- **What you should do**: With pictures left out, output exactly the lines of the listing below from the line that has "Maroc - Piscine" to the line that has "2019-10-27 - Autohaus Porsches & Coffee 031", both lines kept.

- **Dataset excerpts**:
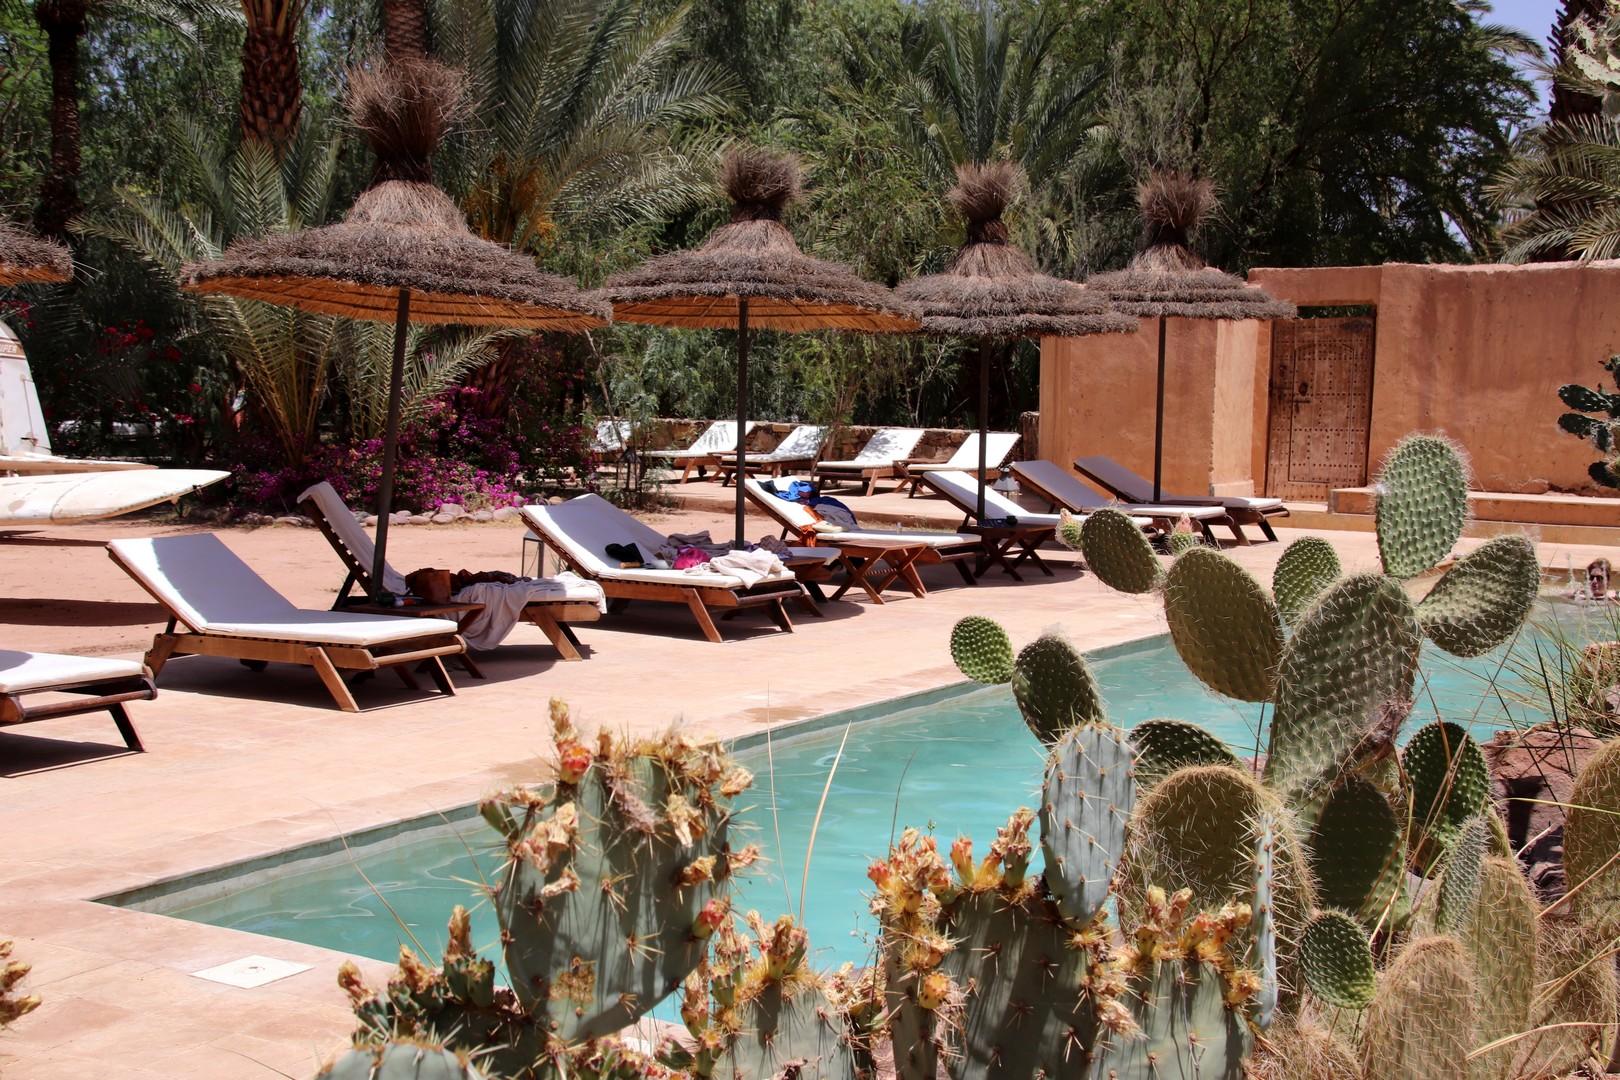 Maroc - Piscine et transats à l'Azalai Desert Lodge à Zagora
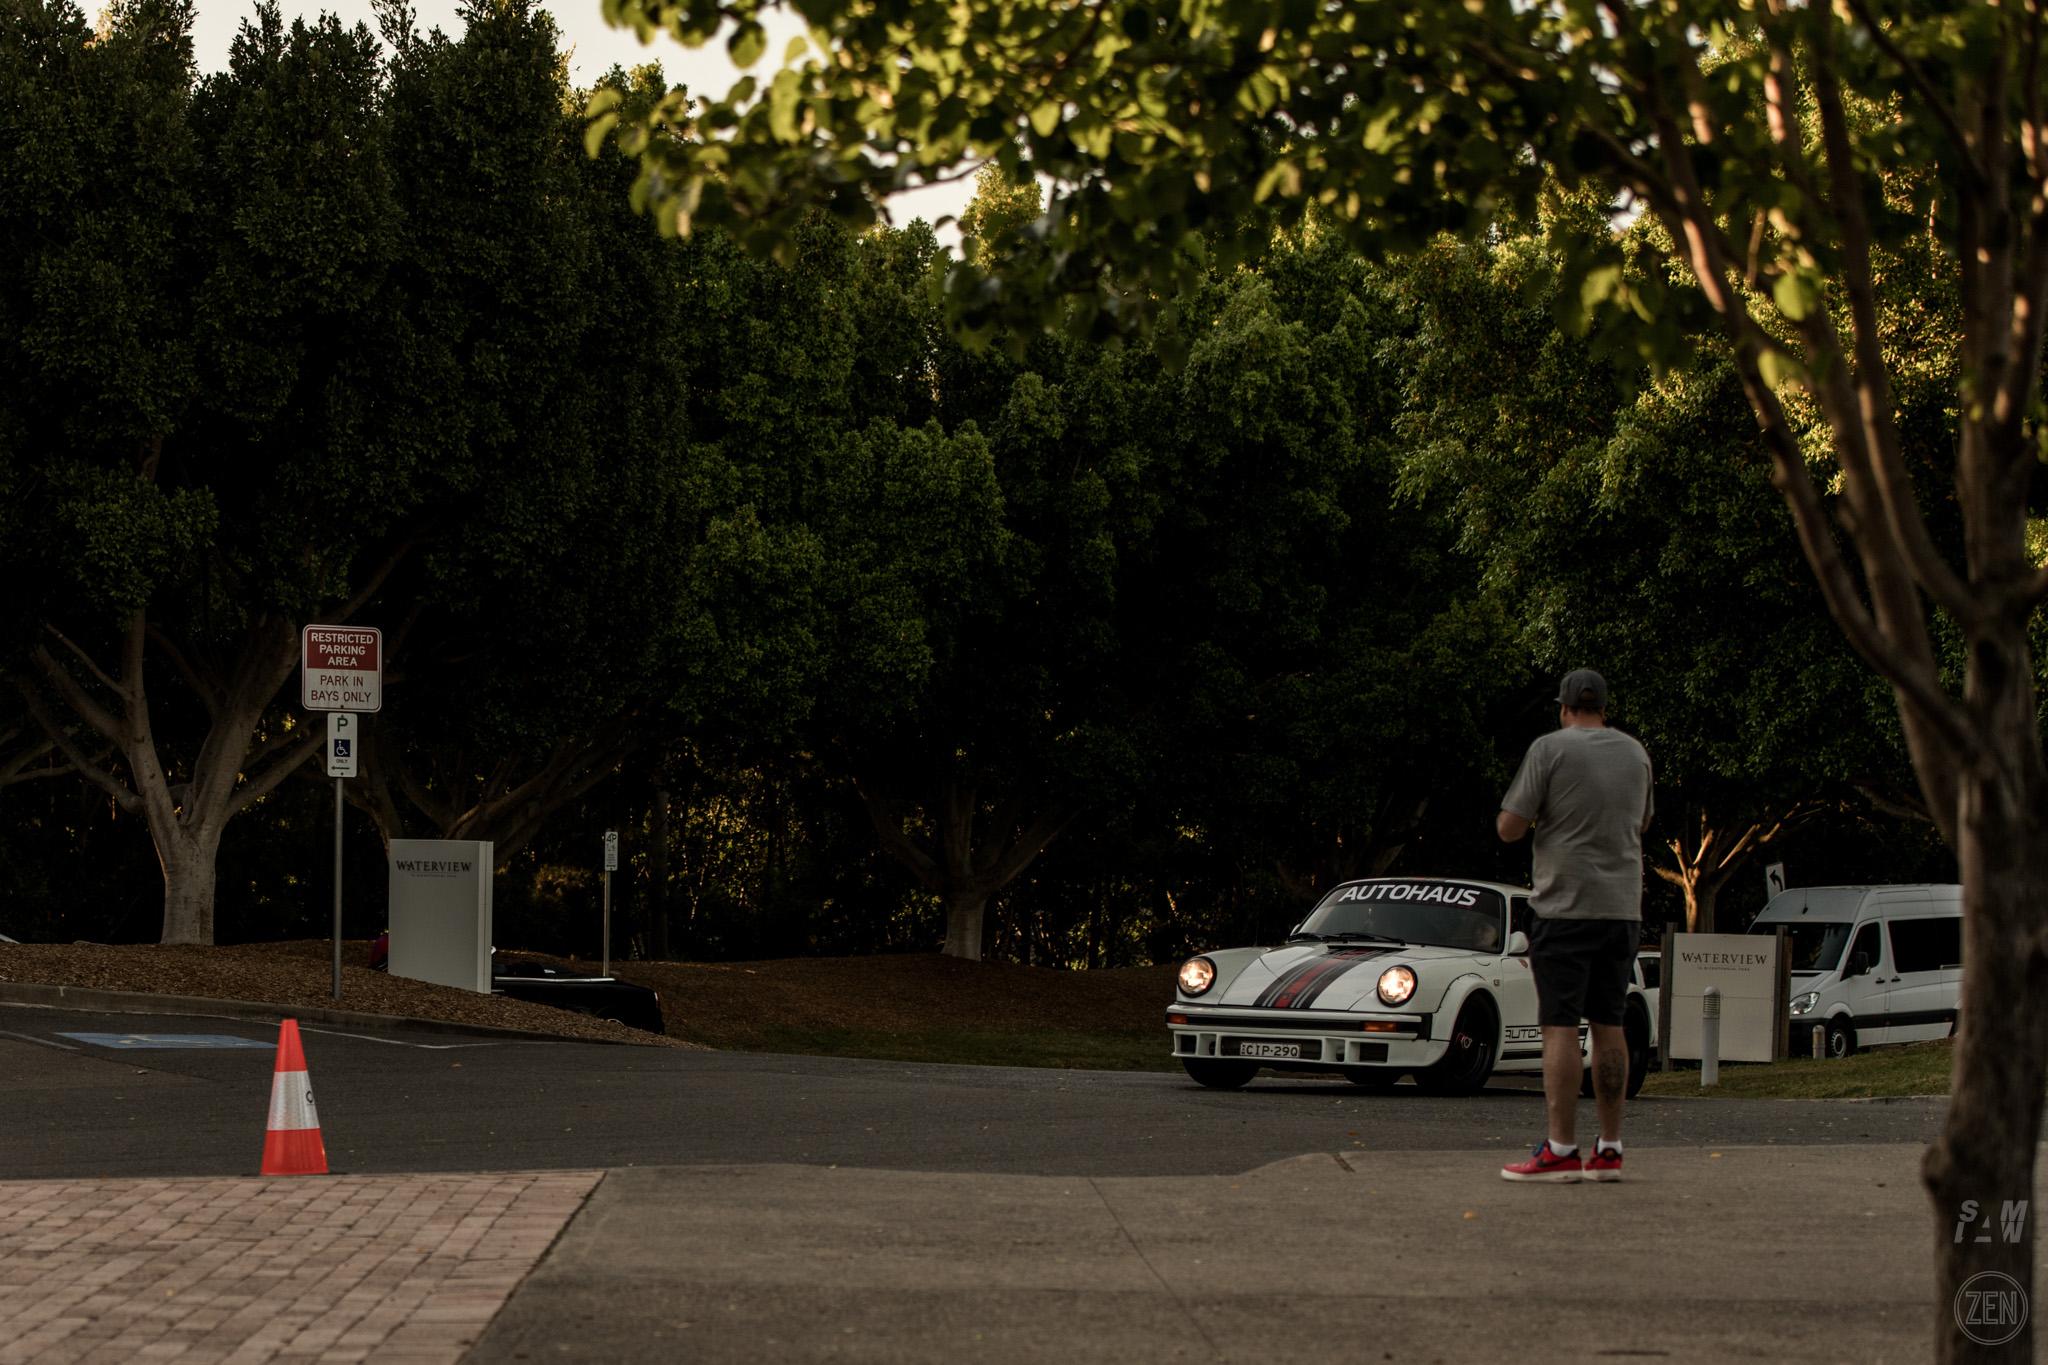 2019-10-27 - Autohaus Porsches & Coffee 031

---

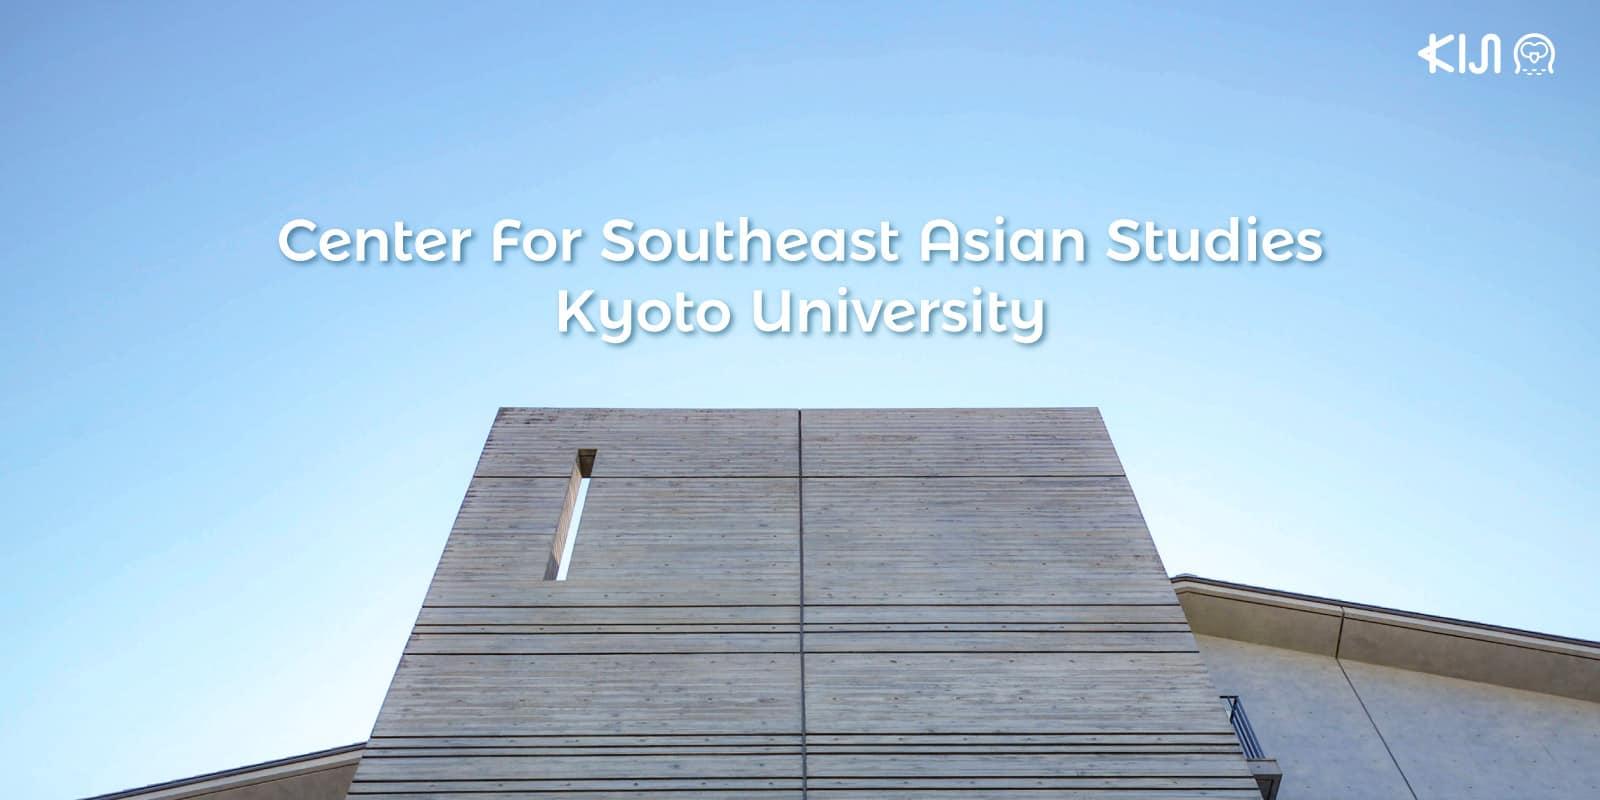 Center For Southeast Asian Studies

* * *

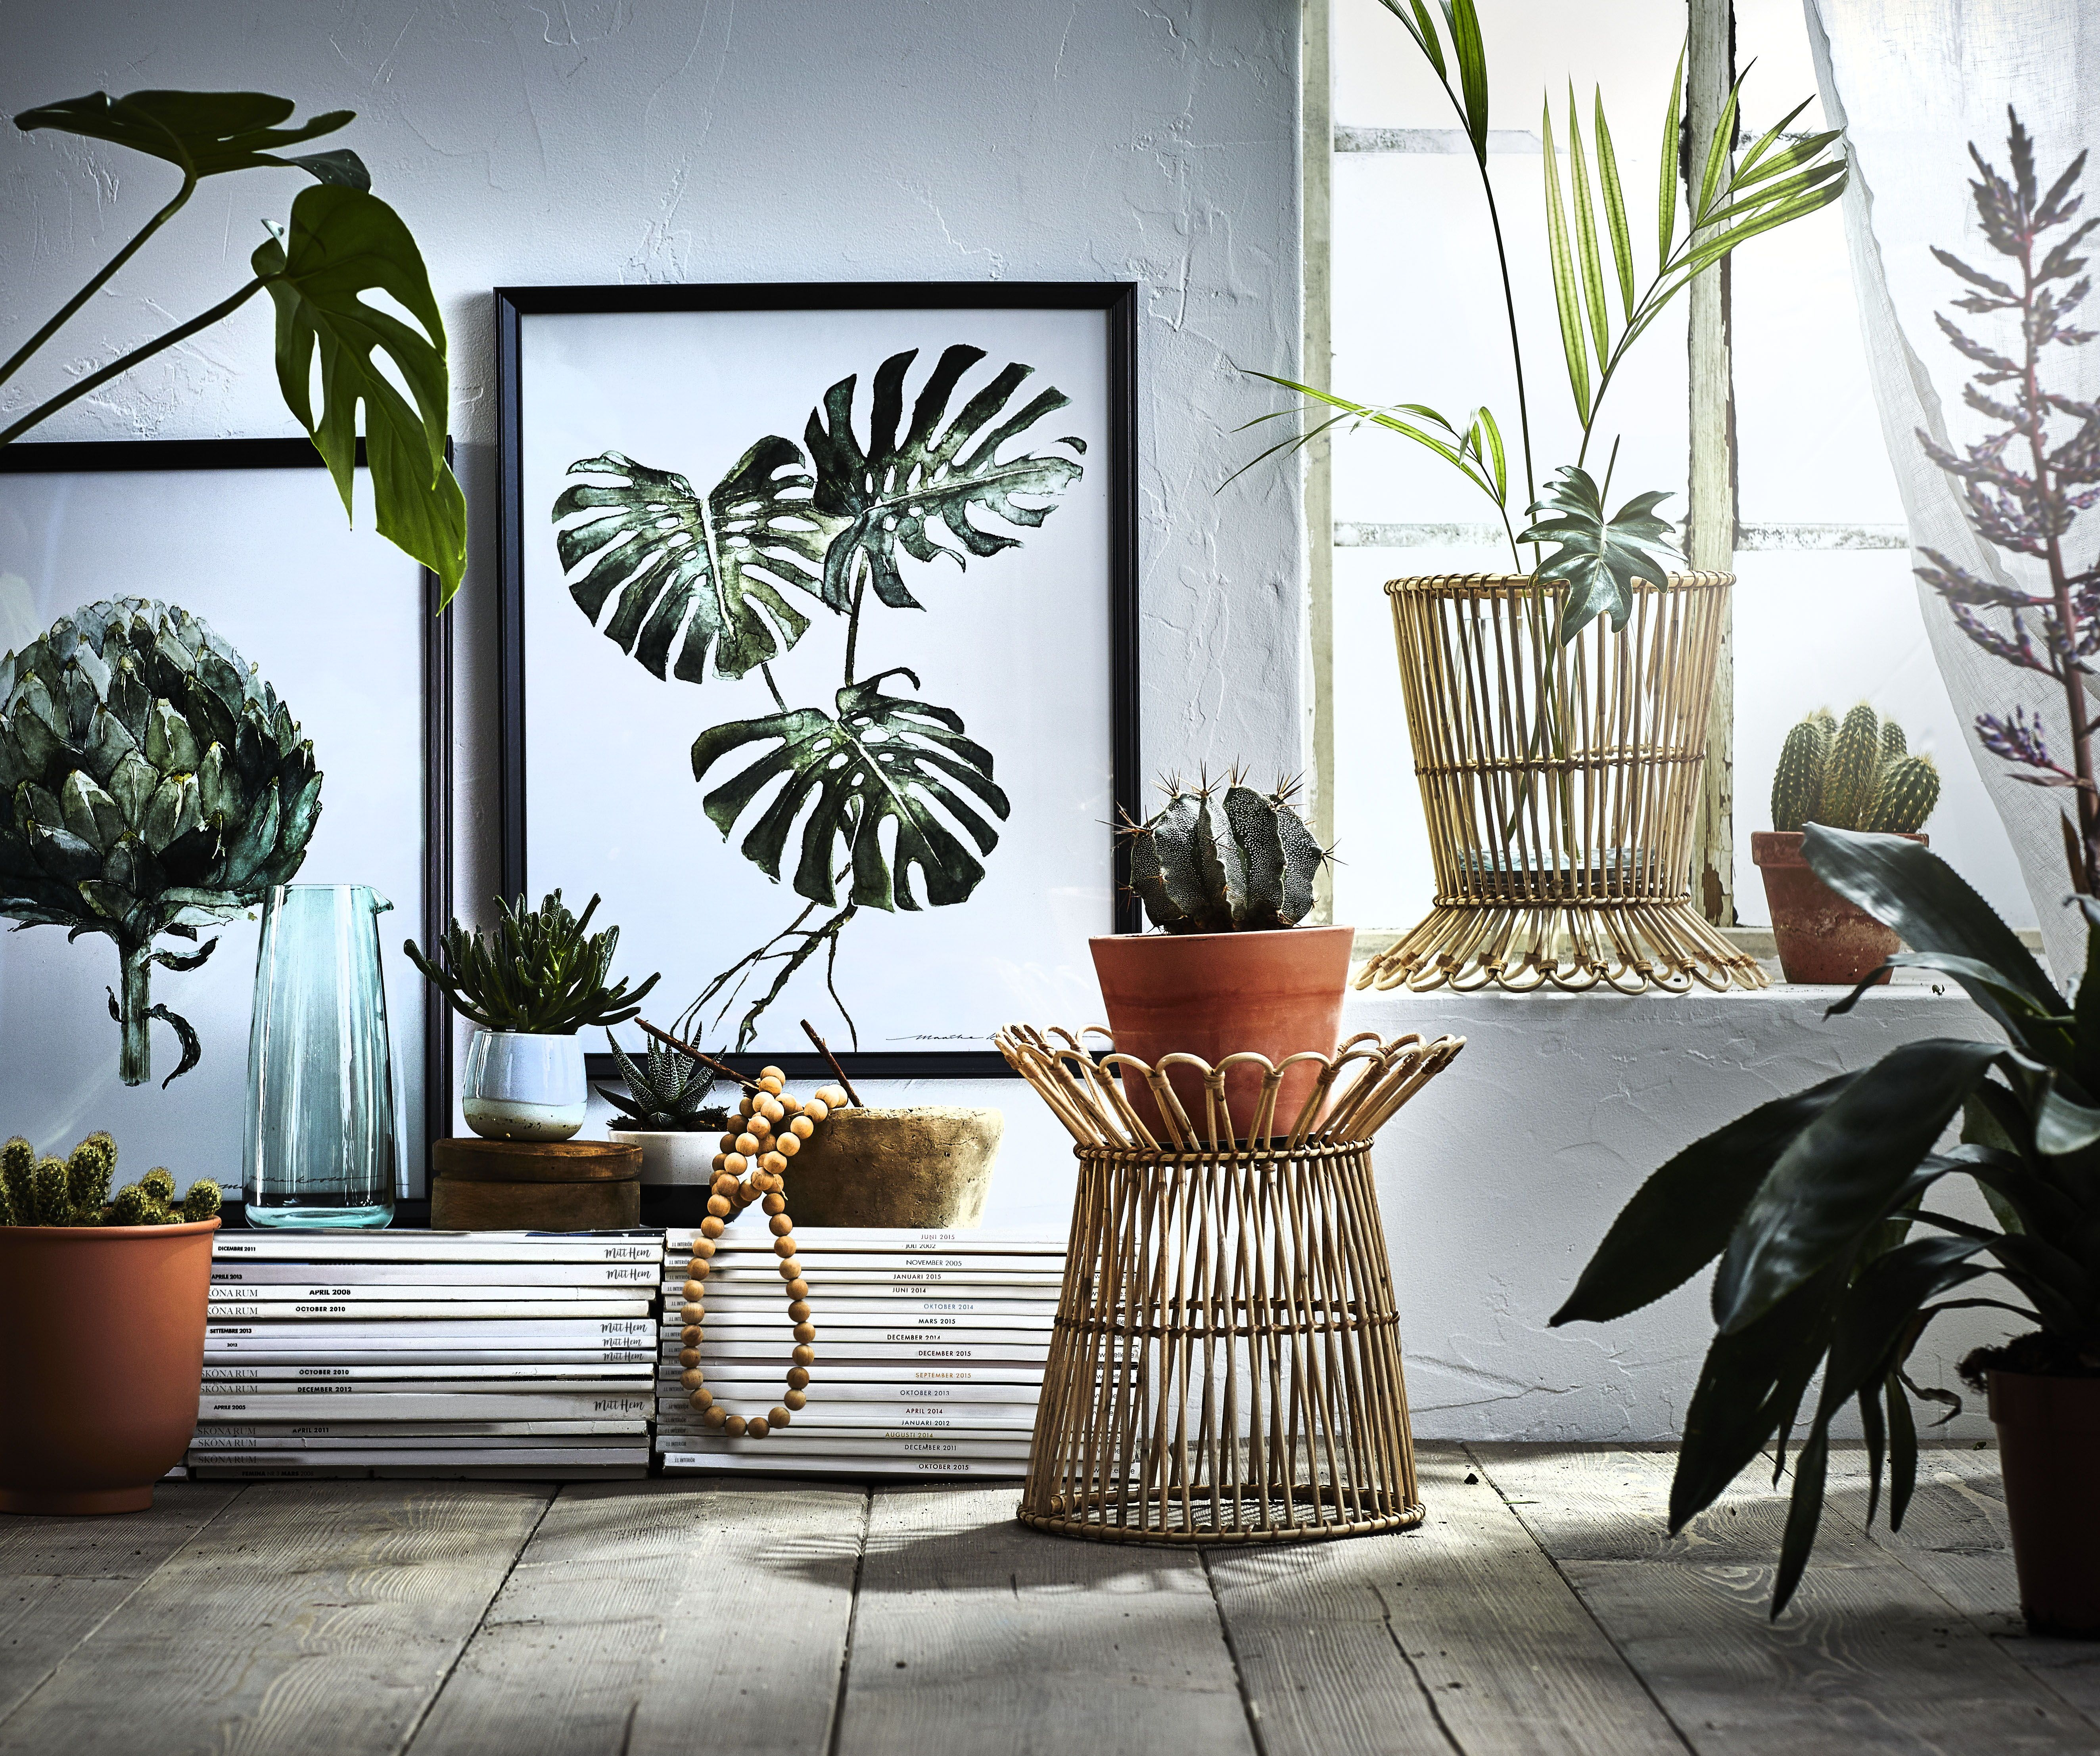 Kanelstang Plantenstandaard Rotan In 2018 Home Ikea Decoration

- **Your solution**:
 Maroc - Piscine et transats à l'Azalai Desert Lodge à Zagora
 2019-10-27 - Autohaus Porsches & Coffee 031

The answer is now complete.